- AVAILABLE DATA -
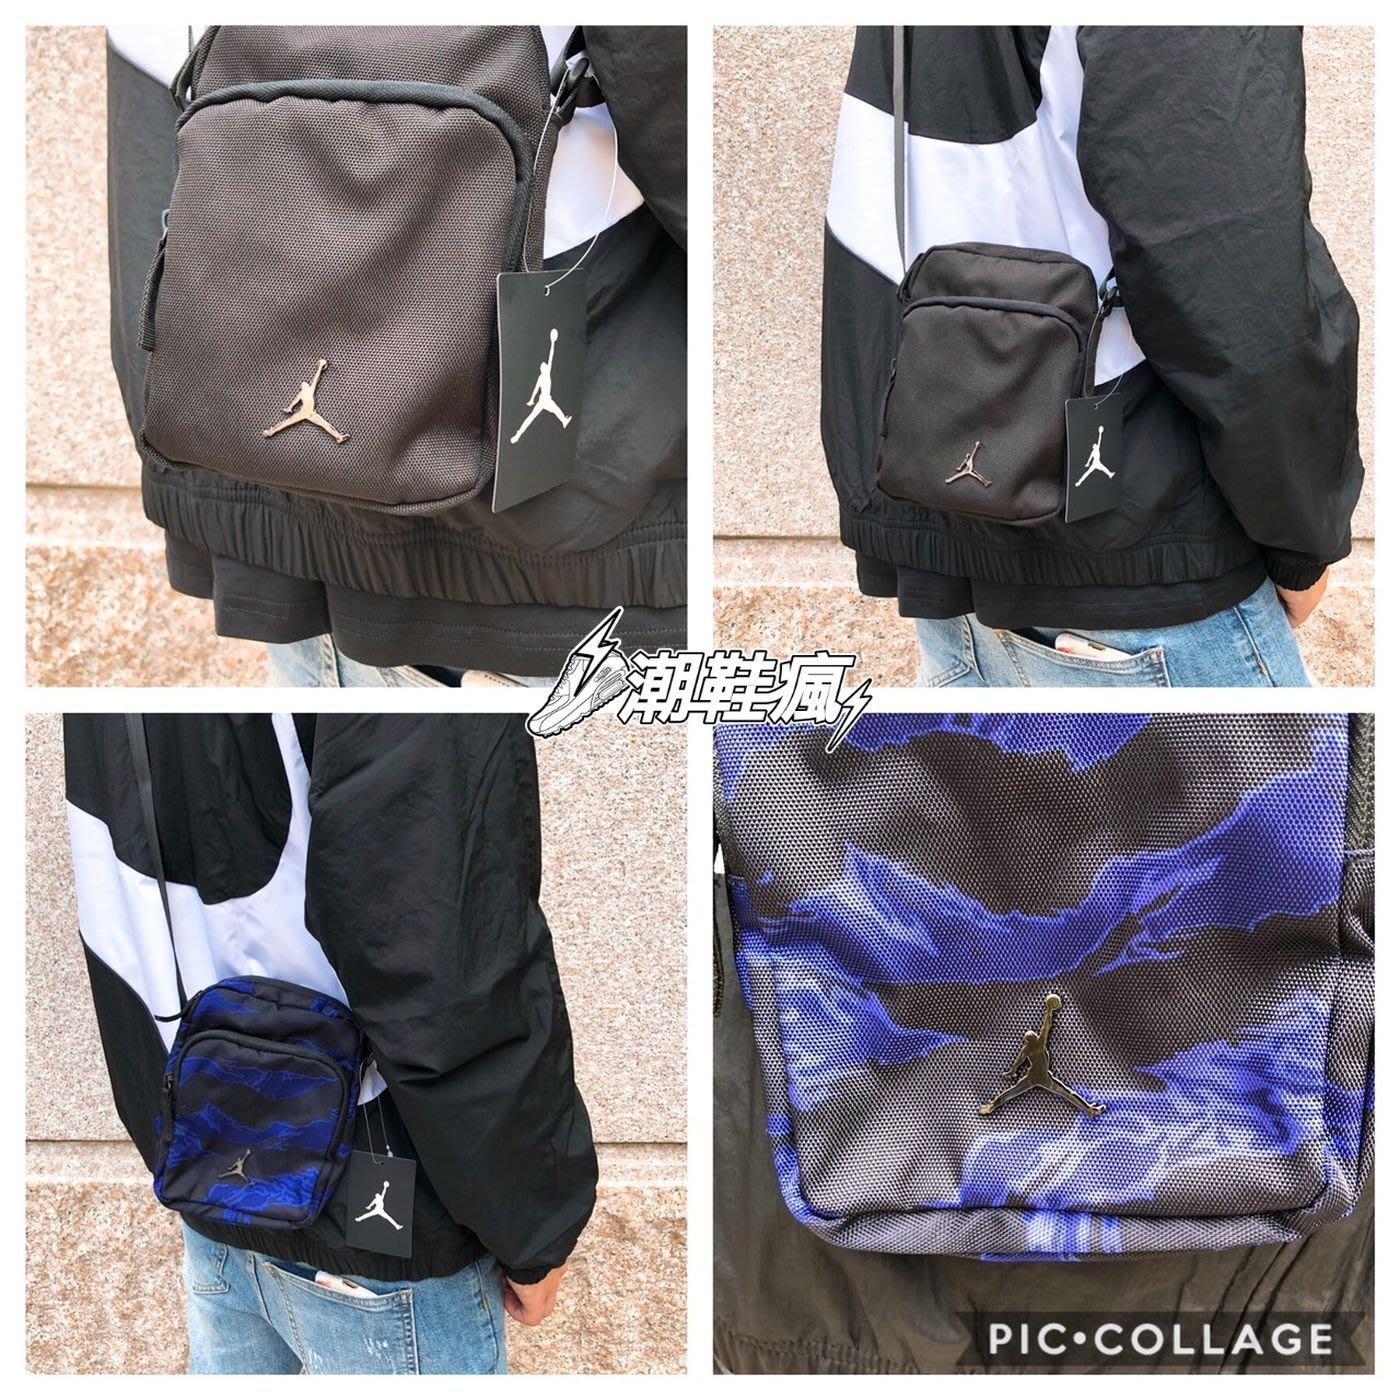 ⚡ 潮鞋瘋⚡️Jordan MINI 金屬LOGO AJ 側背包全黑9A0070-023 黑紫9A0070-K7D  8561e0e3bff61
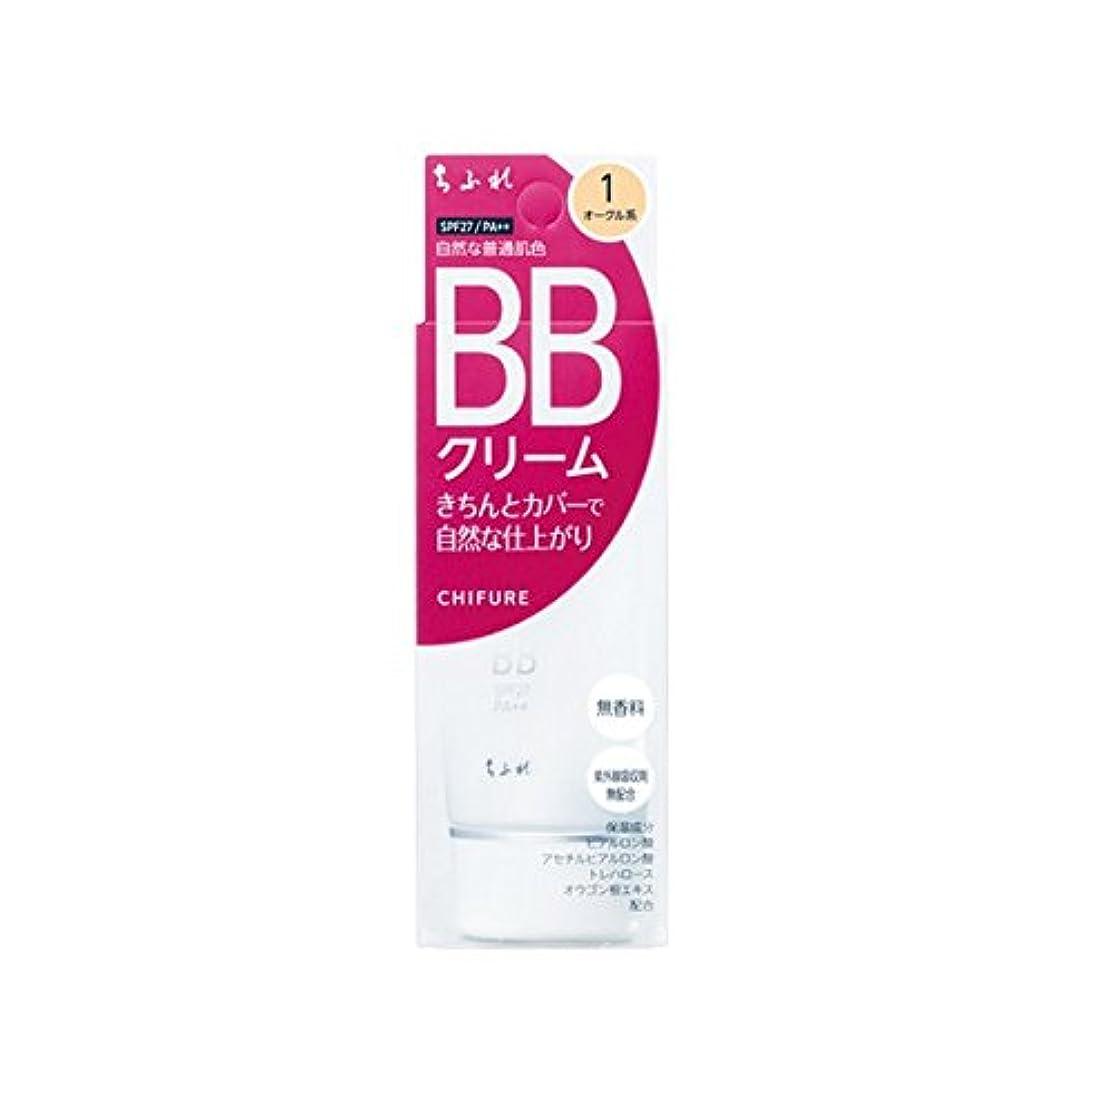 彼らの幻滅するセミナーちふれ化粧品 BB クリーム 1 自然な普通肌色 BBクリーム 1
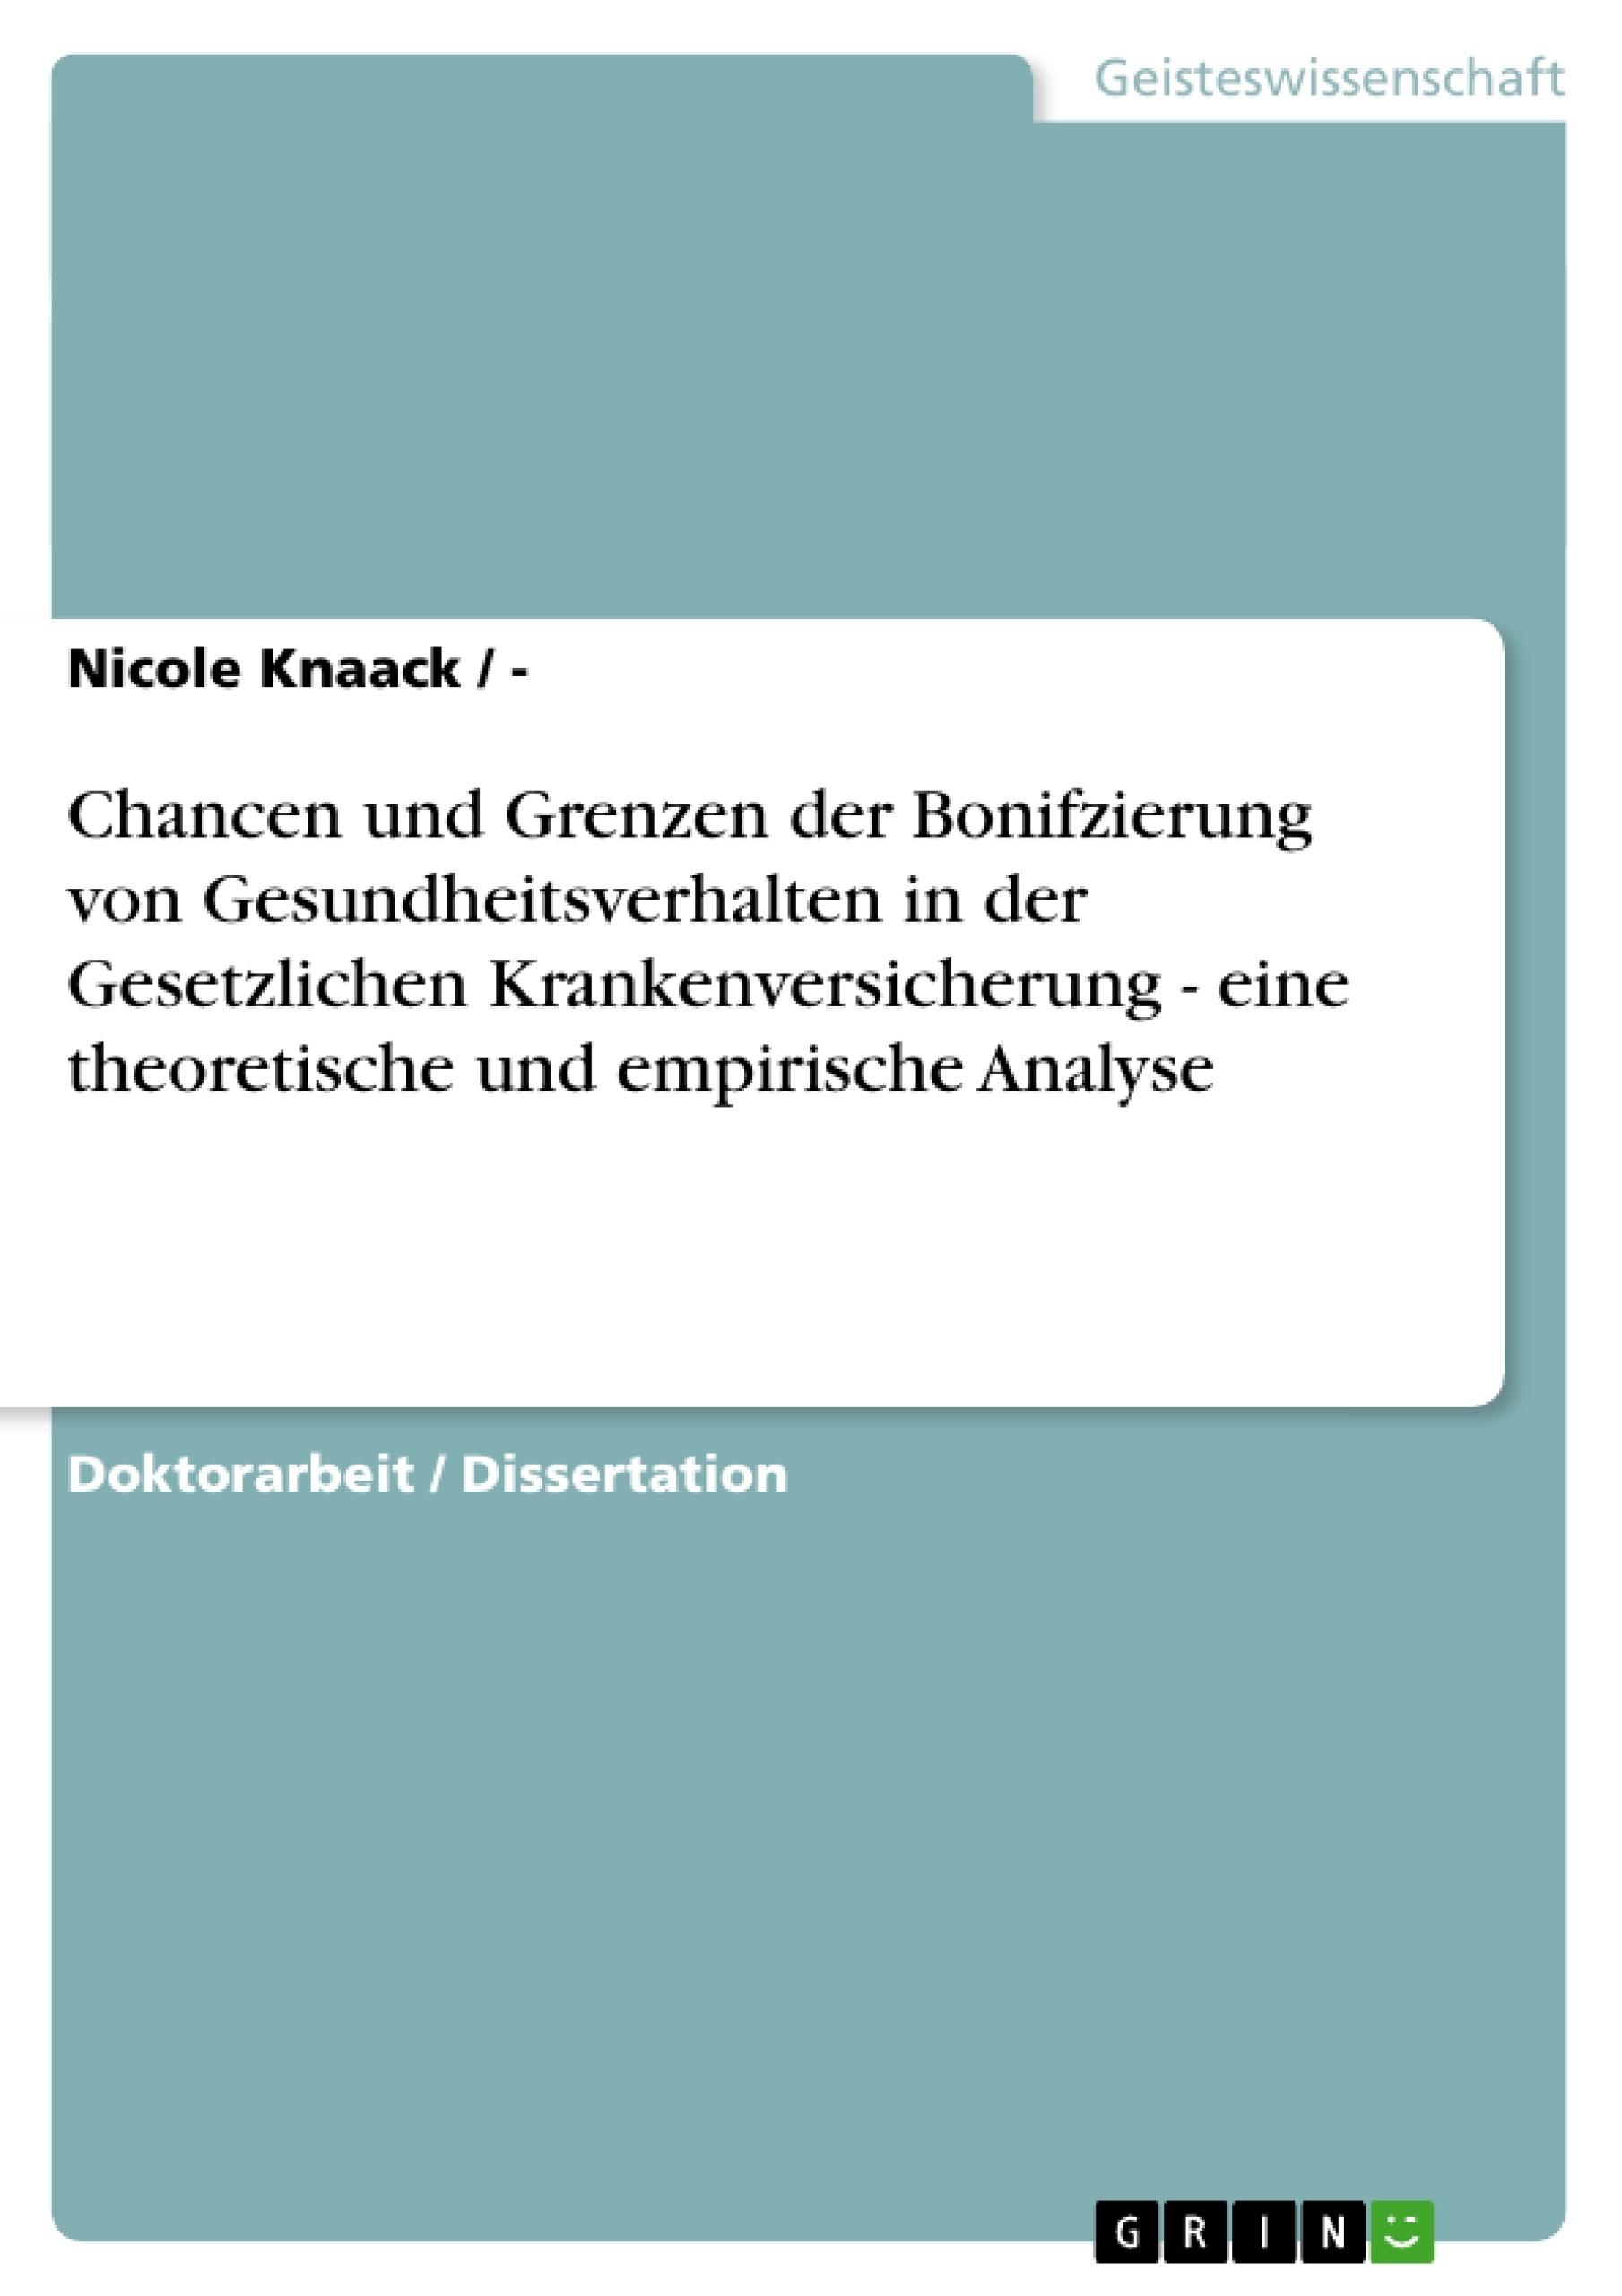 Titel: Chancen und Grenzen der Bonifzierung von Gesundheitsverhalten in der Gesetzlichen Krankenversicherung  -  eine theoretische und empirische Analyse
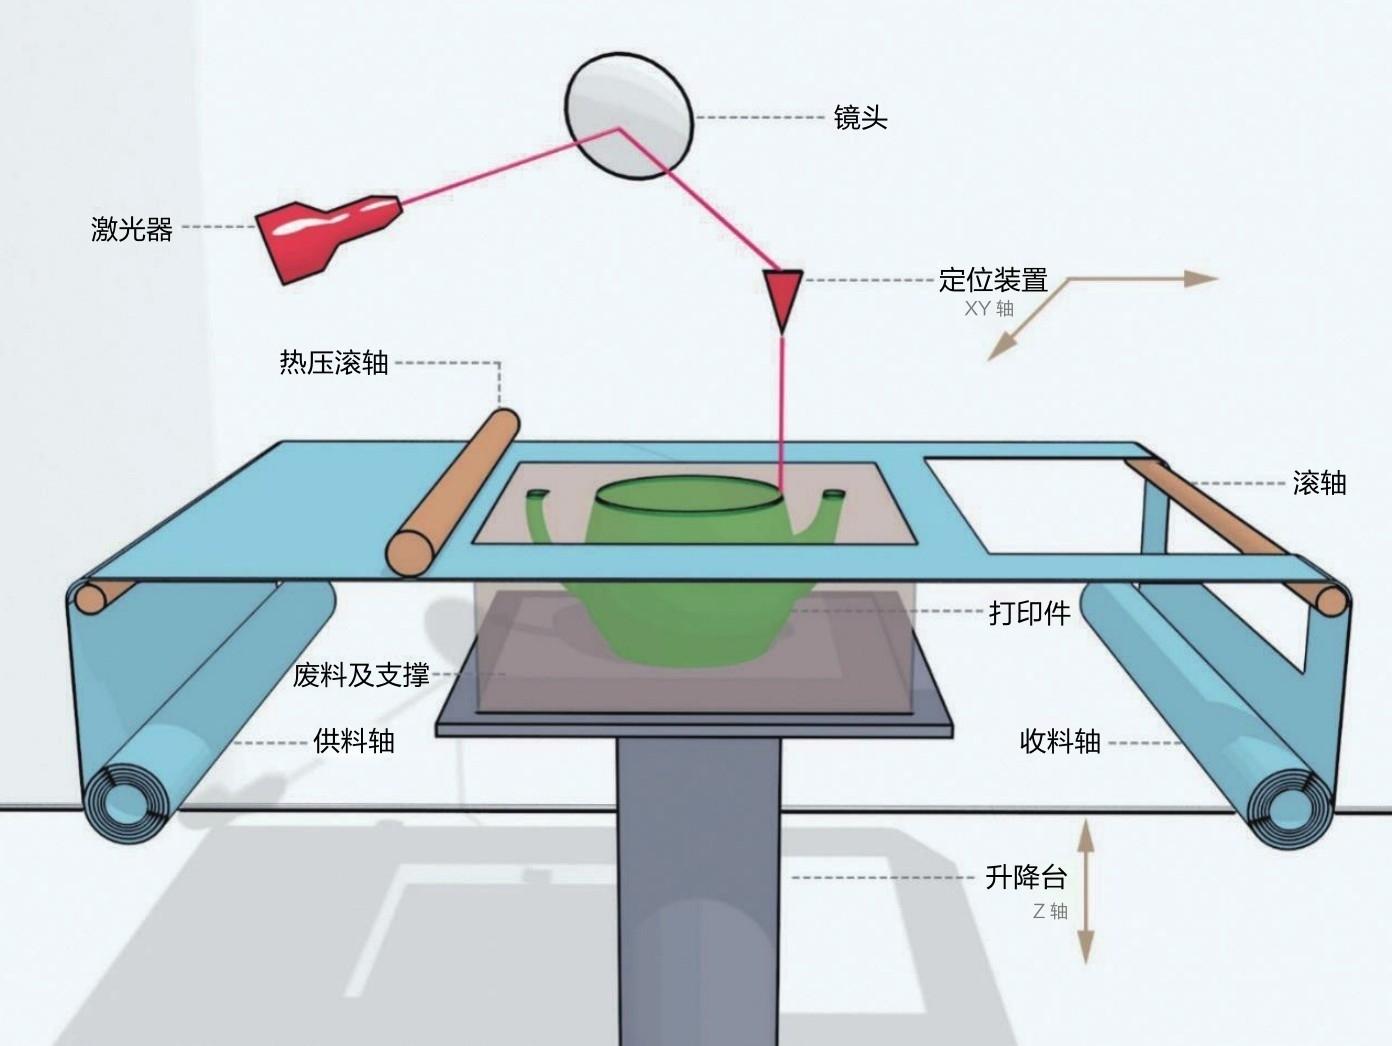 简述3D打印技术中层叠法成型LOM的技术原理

- WHAT TO WORK ON -
Give back exactly the lines from the line with "Titel: Chancen und" through the end of the material above, inclusive, with no pictures.

- COMPLETED TASK -
 Titel: Chancen und Grenzen der Bonifzierung von Gesundheitsverhalten in der Gesetzlichen Krankenversicherung  -  eine theoretische und empirische Analyse
 简述3D打印技术中层叠法成型LOM的技术原理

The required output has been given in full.